Interested in how it came out for others!


----------



## Mismost (Apr 13, 2016)

No, I have not. But I did make about 10 gallons of cider from FAJC...good old Tree Top apple juice. I put up several gallon jugs of it and I have about half of an Berry flavored Fpac that I plan to mix with it...just because I know I'll get burnt out drinking 10 gallons of the same stuff!

I added no sugar and it came out a tart and lightweight cider...you can drink several and not get plastered. One batch I back sweetened with more FAJC, I like it much better. Bet you will enjoy yours.


----------



## Elmer (Apr 13, 2016)

the_rayway said:


> Has anyone tried these? I just picked up the Raspberry Lime one yesterday for summer beveraging:
> 
> 
> 
> ...




Let me know how it turns out!
My attempts at diy cider have been less than stellar!

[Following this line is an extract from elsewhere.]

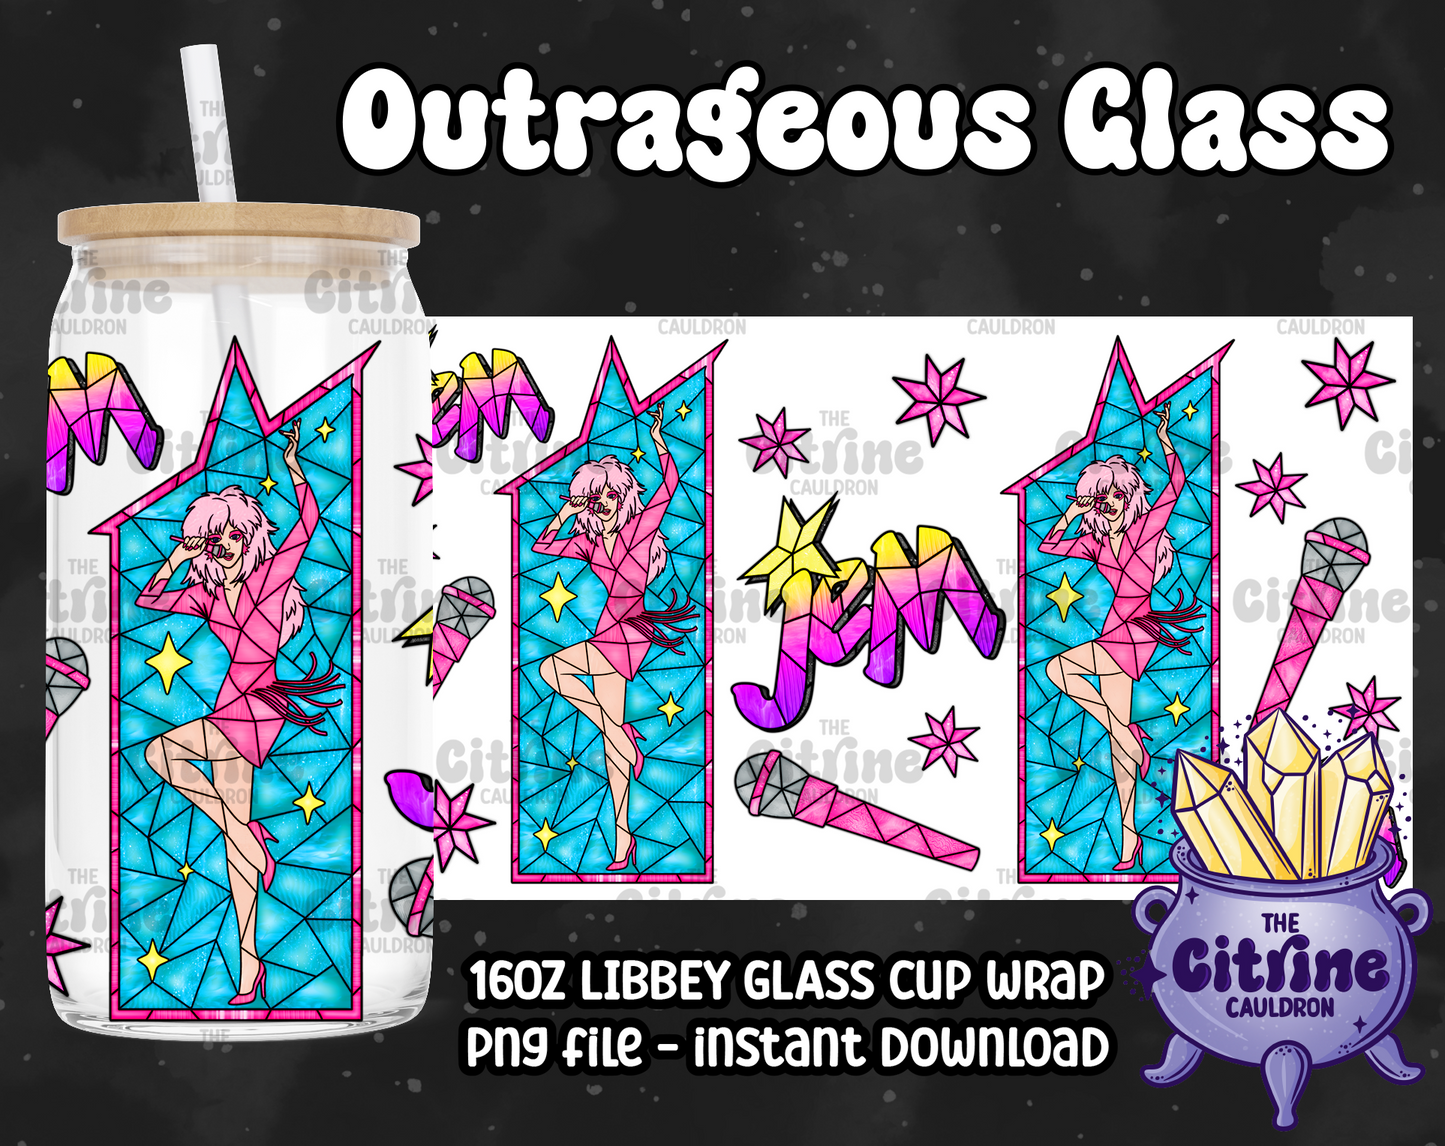 Outrageous Glass - PNG Wrap for Libbey 16oz Glass Can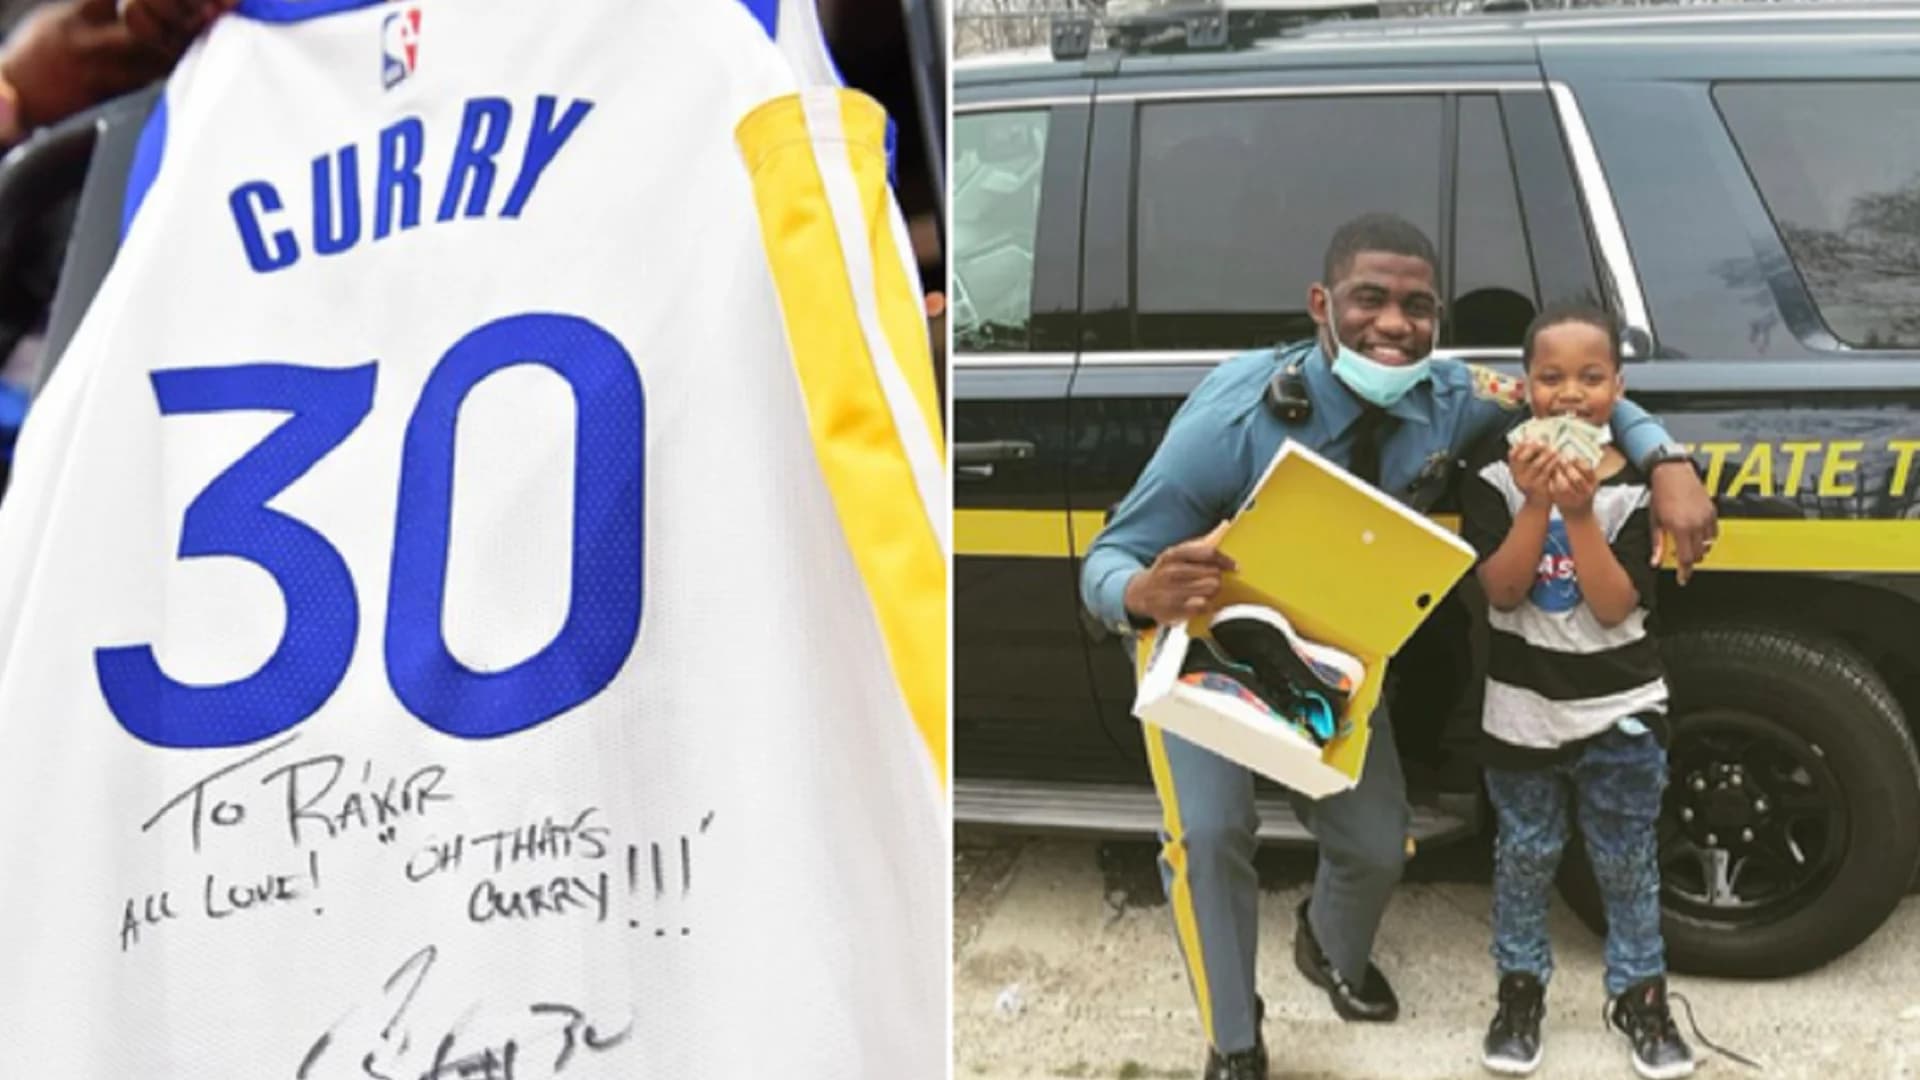 Steph Curry gives jersey to Delaware state trooper seen in viral video; drains 10 threes in win

Are you making it still or carbonating?


----------



## the_rayway (Apr 15, 2016)

It's carbonated, sounds like it's made like a beer kit with a primer, etc. 

My last batch of cider was with home made crab apple juice and it was WAY too dry!


----------



## richmke (Apr 15, 2016)

If it is carbonated with priming sugar, then it will be dry. The yeast converts all the sugar to CO2 gas.

I made hard cider from fresh apple juice. I reserved some, and fermented the rest. K-meta and k-sorbate the reserved juice. When fermentation was done, I racked, K-meta, and K-sorbate. Then, blended the two together. If you don't degass, the mixture will have some fizz. If you want more fizz, you can force carbonate (2 liter bottle and a CO2 cartridge).


----------



## the_rayway (Apr 15, 2016)

I found that the interesting part! There is an f-pack included that sweetens, which makes me think they use an unfermentable sugar for that part, and priming sugar for the carbonation.

We will see as it get it going I guess!


----------



## richmke (Apr 15, 2016)

the_rayway said:


> There is an f-pack included that sweetens, which makes me think they use an unfermentable sugar for that part



Yes. Look for Sucralose.

I avoid those. Of the store bought hard ciders, Crispin does not have sucralose.


----------